QA Document Control Specialist

About you: 

Reporting to the QA Lead, the QA Document Control Specialist will be responsible for administering the Electronic Document Management System and Learning Management System, controlled document processing, assessing related training requirements, and tracking training compliance. The QA Document Control Specialist will ensure that document management and training programs are implemented and effectively administered while maximizing efficiency, complying with industry standards, and achieving compliance targets. Additionally, this position will establish and modify comprehensive document control systems to be compliant with FDA cGMP Regulations (21 CFR Part 820) as well as ISO 13485 requirements. 

What you’ll do:

• Create and maintain documentation associated with the production of medical devices as per ISO 13485 and relevant regulatory requirements;

• Provide multi-departmental support related to product development and documentation;

• Provide support to the Supplier Quality Engineer to ensure adequate documentation for critical suppliers;

• Control the release of design and process documents through an electronic quality management system (eQMS);

• Support the document control, and change control process within the QMS;

• Assisting in the development of Quality Assurance work instructions and procedures;

• Provide company-wide training for Quality Assurance SOPs, as needed;

• Maintaining documents that record the status of equipment used in the design, development, and manufacturing of medical devices;

• Responding and tracking any corrective and preventive action (CAPA) that is recorded in the QMS from initiation to closure;

• Liaise with stakeholders regarding document approvals;

• Maintain and report on performance metrics for Document Control and Training.

What you’ll need:

• Bachelor’s degree in Science or Engineering;

• 1+ years of work experience in a QA function in an ISO 9001 or ISO 13485-certified environment;

• Excellent English written and oral communication skills;

• Inventory management systems set up and/or management; SOP writing experience; 

• Training experience;

• Experience managing electronic and paper quality management systems, document control systems, and learning management systems.
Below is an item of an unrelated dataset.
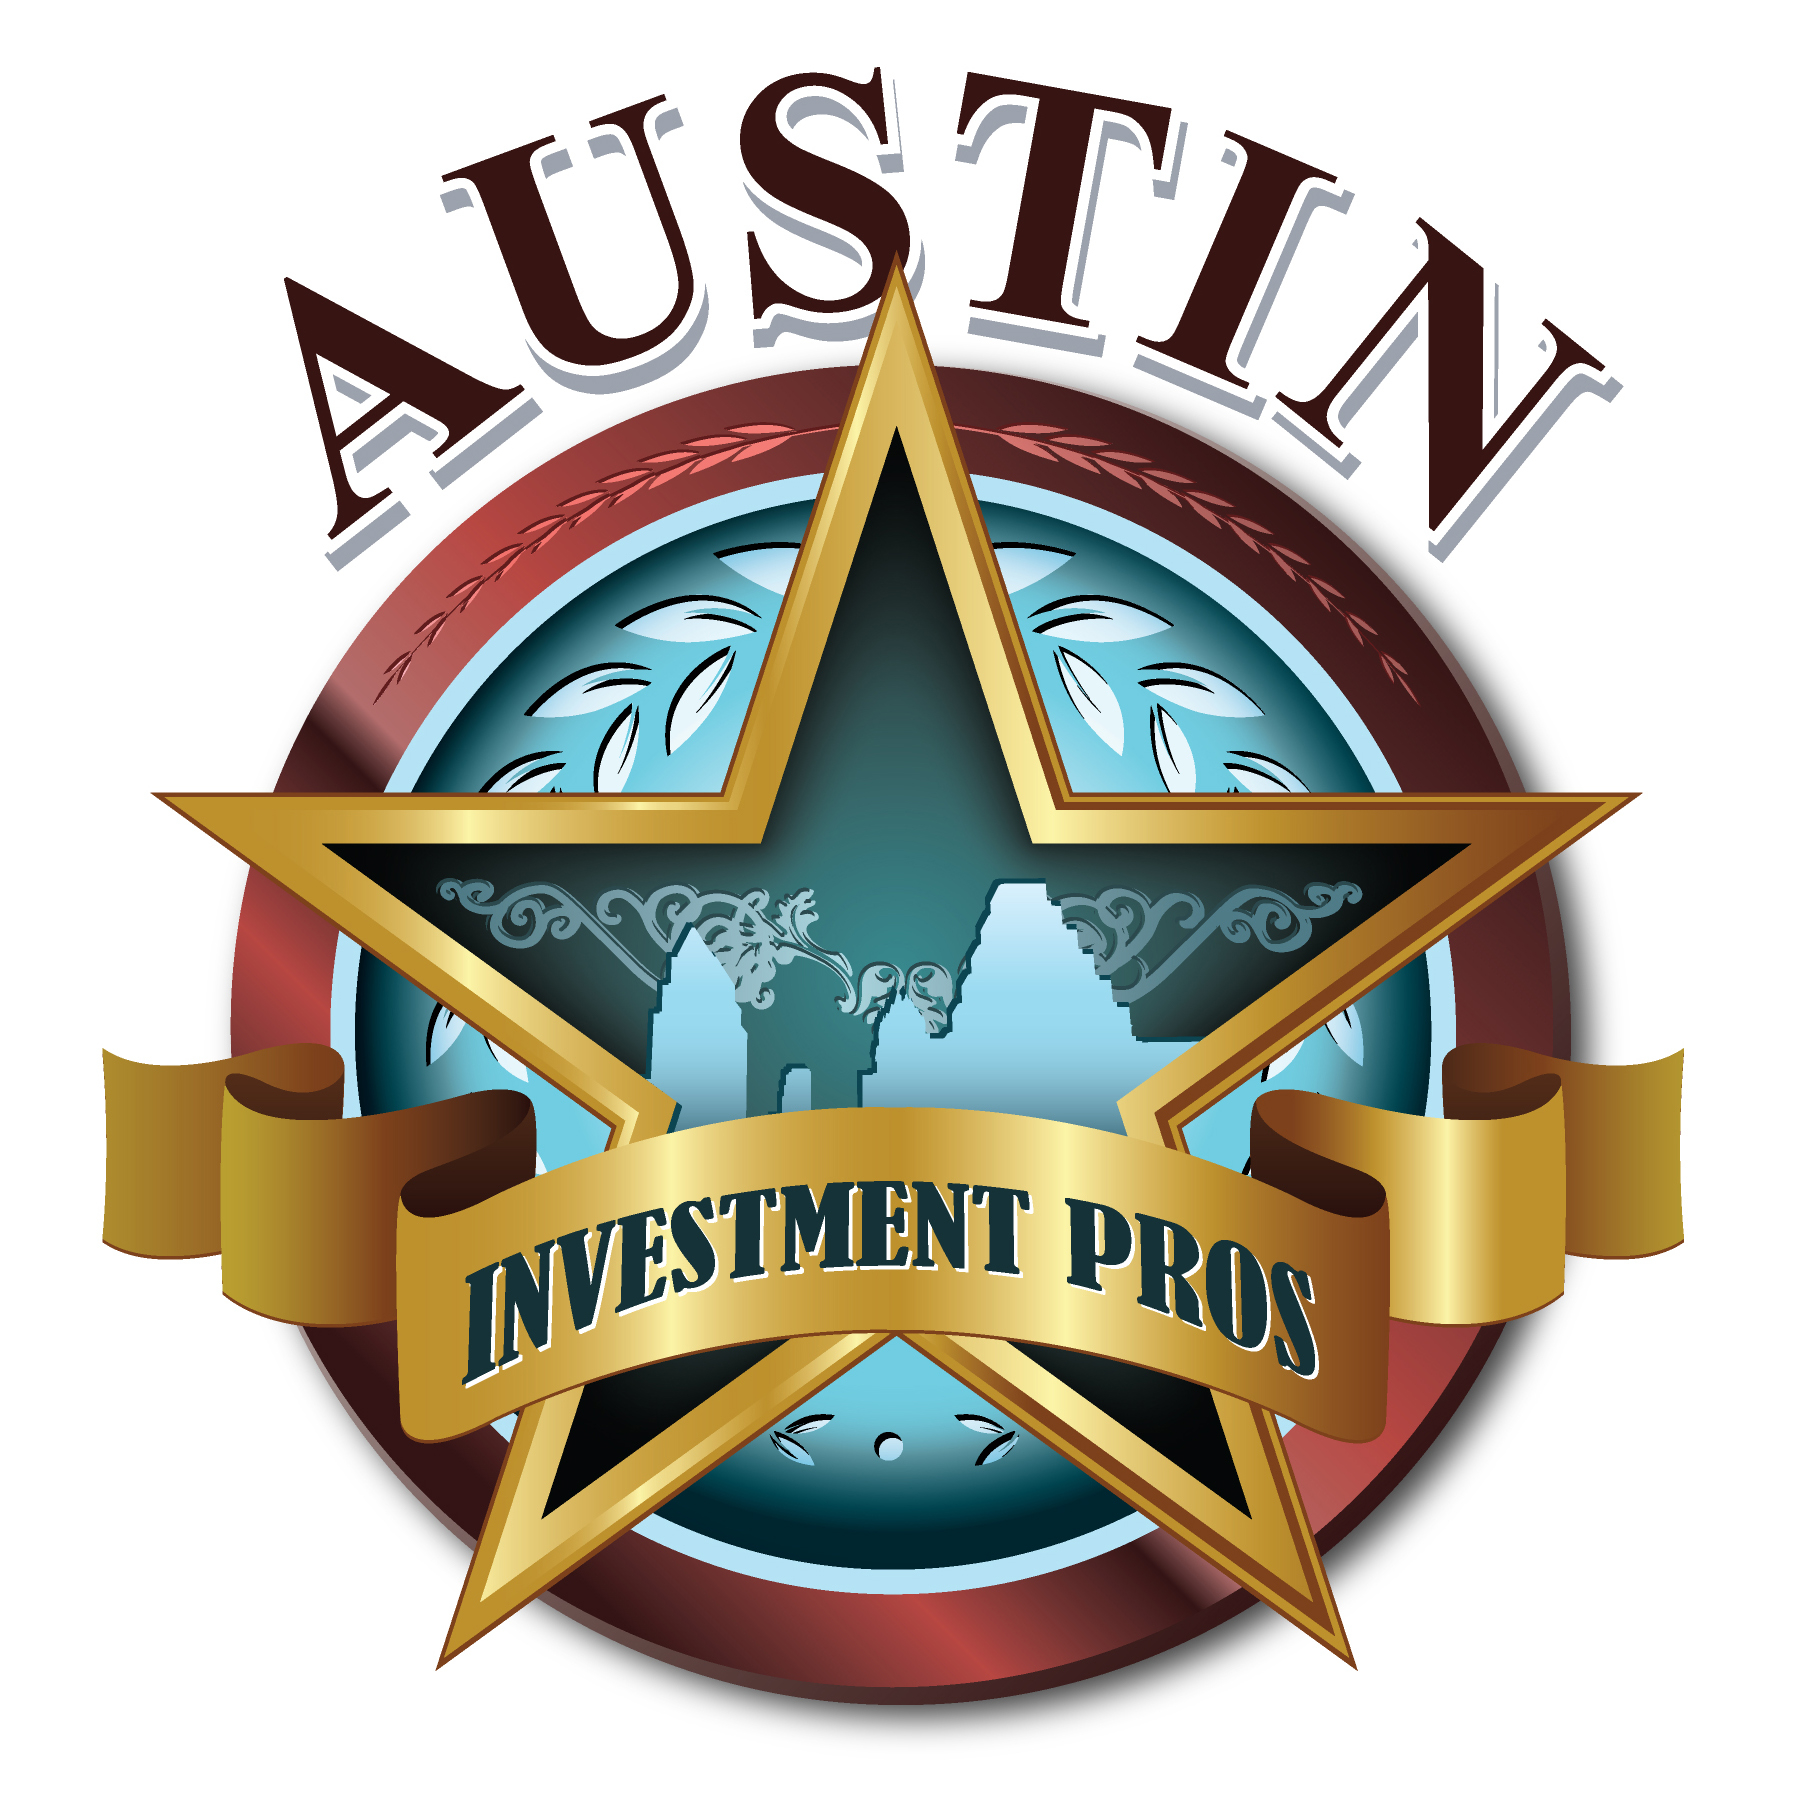 Austin's Investment Pros LLC image 1

• Previous experience in current Good Manufacturing Practices (cGMP)) quality guidelines and FDA regulations including 21 CFR Part 11 and ISO 13485 requirements;

• Strong communication and ability to work cross-functionally to problem solve and improve processes and procedures;

• Ability to effectively work within a fast-paced team environment;

• Strong attention to detail, able to execute aggressive timelines;

• Good interpersonal skills with the ability to interact with people at all levels with sensitivity and tact.

Bonus points for:

• Experience supporting regulatory agency audits in a QC environment;

• Experience in regulatory requirements in various jurisdictions; 

• Experience with calibration systems setup and performing equipment calibrations;

• Experience in Excel and Word, including experience creating documents to be used on the manufacturing floor.
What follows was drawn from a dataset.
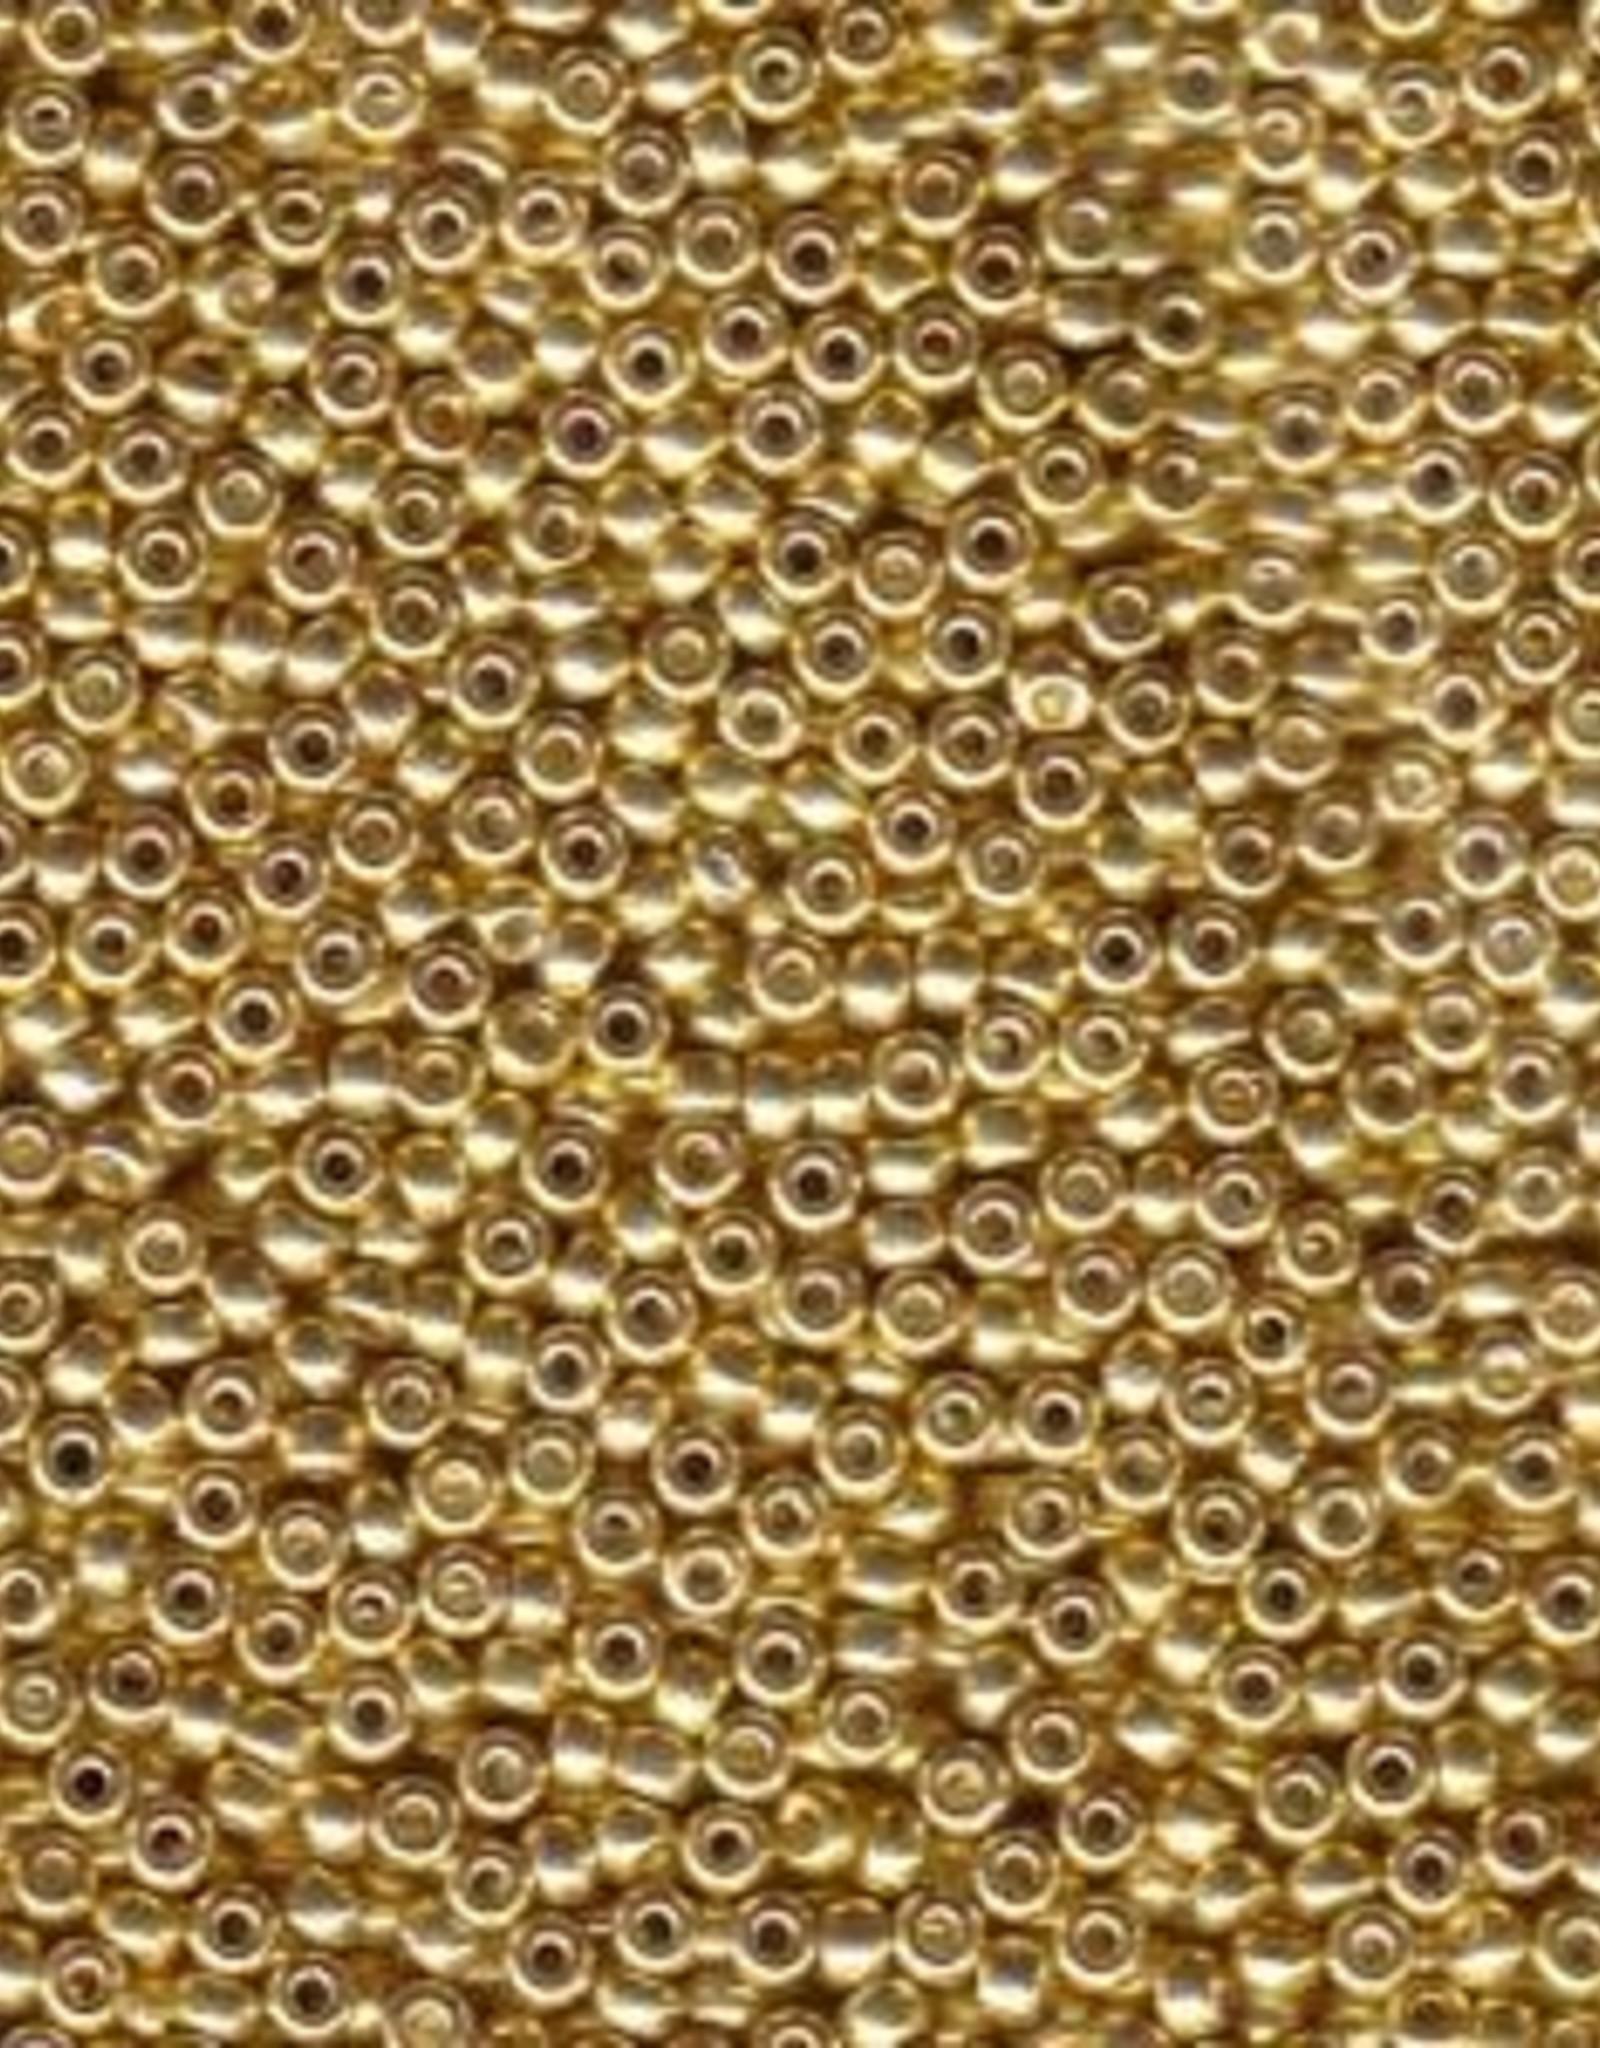 SB11 Galv Yellow Gold

• Experience reviewing and updating Engineering Change Orders (ECOs) in a manufacturing environment.

About Vital

Vital is revolutionizing the landscape of point-of-care diagnostics with our groundbreaking platform, VitalOne, designed to deliver real-time care wherever patients are. We have built a dynamic team of experts across various disciplines including chemistry, software, engineering, and microfluidics to fulfill our mission of making healthcare more accessible and proactive. At Vital, we seek tenacious, bold, and enthusiastic individuals ready to create impactful change in the healthcare industry.